На третий день пребывания в Сухуми бывшие солдаты, вторично прошедшие по собственным следам, стали разъезжаться по домам, а мы с несколькими ветеранами боев поехали еще в далекое грузинское селение Кодор, чтобы навестить могилу умершего за три месяца до того как боевые друзья собрались вместе – Шалвы Михайловича Марджанишвили. Он командовал в войну седьмой ротой 3-го батальона 808-го полка и награжден за марухские бои орденом Красного Знамени. И умер он не от старости, а от старых ран, как солдат. Перед смертью, рассказывали нам родные, он говорил, что счастлив, ибо воинский труд его товарищей и его самого не забыт.

Возложив цветы на могилу Марджанишвили, мы до позднего вечера сидели под персиковыми деревьями, взращенными руками Шалвы, и слушали рассказ о нем. И вспомнили мы слова, какие произнес на митинге в Сухуми бывший командир всех этих людей – живых и мертвых – Владимир Александрович Смирнов.

– Суровая природа гор, – сказал он, – и та преклонилась перед мужеством воинов, защищавших их. Это она принесла им последнюю дань и укрыла навеки в своих ледниках. Но случилось так, что люди проникли в тайны ледников, собрали останки павших героев и захоронили их в братской могиле...

И вот мы, чья кровь обагрила священную землю Кавказа, через двадцать один год вернулись к вам, чтобы рассказать о прошлом во имя будущего. Мы хорошо помним гибель наших бойцов. Мы счастливы видеть, что жертвы не были напрасными и наша сегодняшняя молодежь, судя по ее вниманию к нам, понимает это. Мы хотели бы знать, что и будущее поколение, которое сейчас только переступает школьный порог и для которых война – история, будет воспитываться на великих и героических традициях своих отцов и дедов...

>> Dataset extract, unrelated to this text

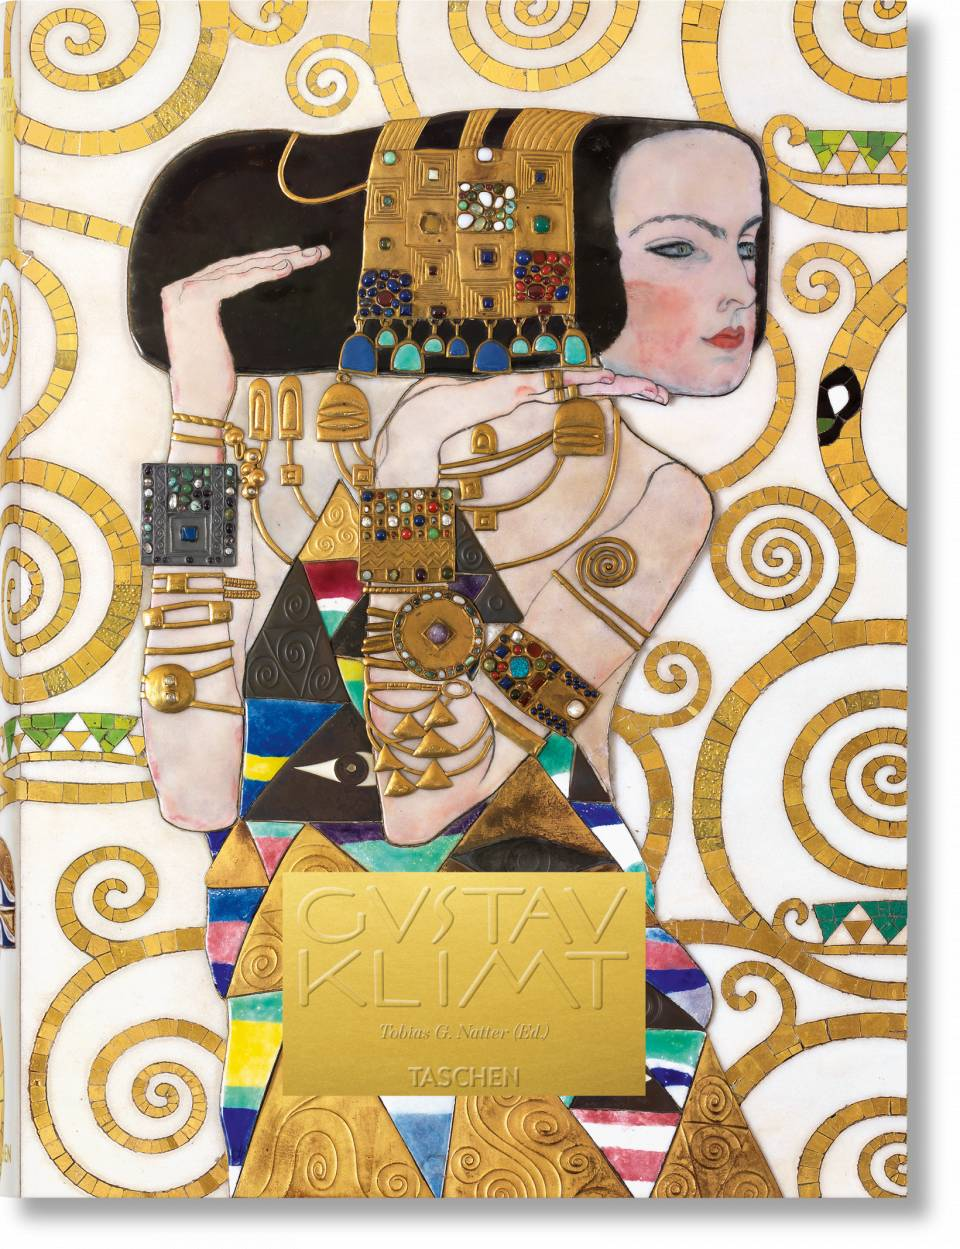 Gustav Klimt. The Complete Paintings.

...Там, в Кодере, пахло травой и кукурузными лепешками. В мигающем свете фонаря качались виноградные листья, и блестели от гордости и горя глаза дочки Шалвы, шестиклассницы Нинико. И все мы поняли, что и Шалва, и те, кто погиб на леднике или умер после ран, не должны уйти из людской памяти не для себя, конечно, а для вот этой маленькой девочки с нежным именем Нинико, и для ее подруг и товарищей, и для всех детей великой нашей страны.

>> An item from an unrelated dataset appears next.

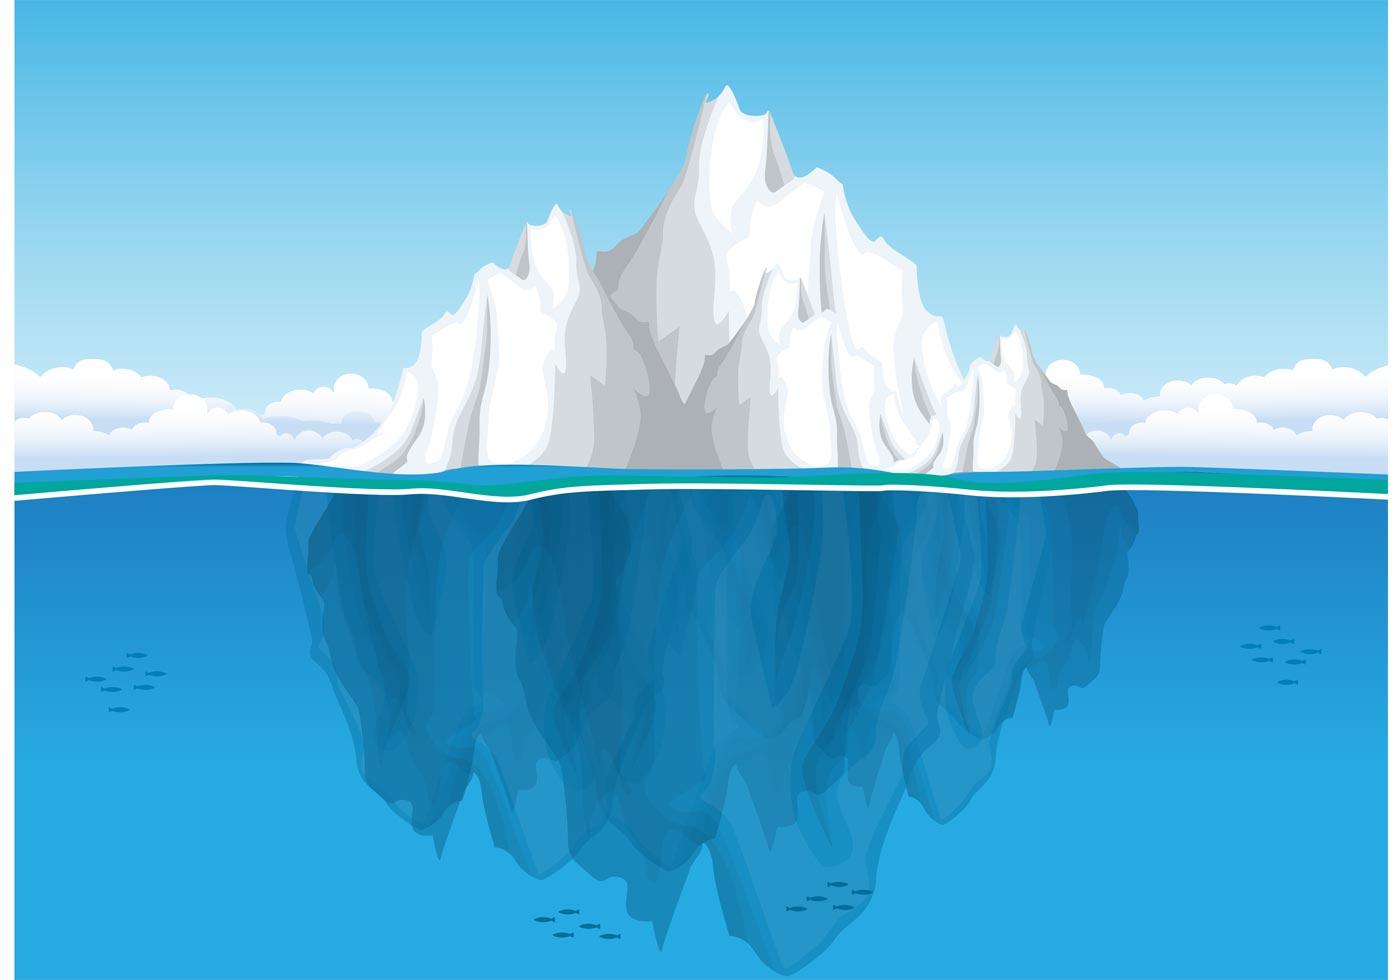 Clip Art Iceberg Clipart iceberg free vector art 1222 downloads underwater vector

И до этого похода ледники и перевалы Северного Кавказа посещались горными туристами часто, но лишь после того, как там были обнаружены останки погибших много лет назад, а товарищи погибших пришли поклониться им, началось внимательное изучение гор. Десятки и сотни туристических групп выходили на знакомые и неведомые раньше маршруты, осматривая их так внимательно, что мало осталось незамеченного – разве скрытое под снегом или валунами.

Ходили и мы не раз в такие походы. Об одном из них – самом типичном – нам и хочется вспомнить здесь.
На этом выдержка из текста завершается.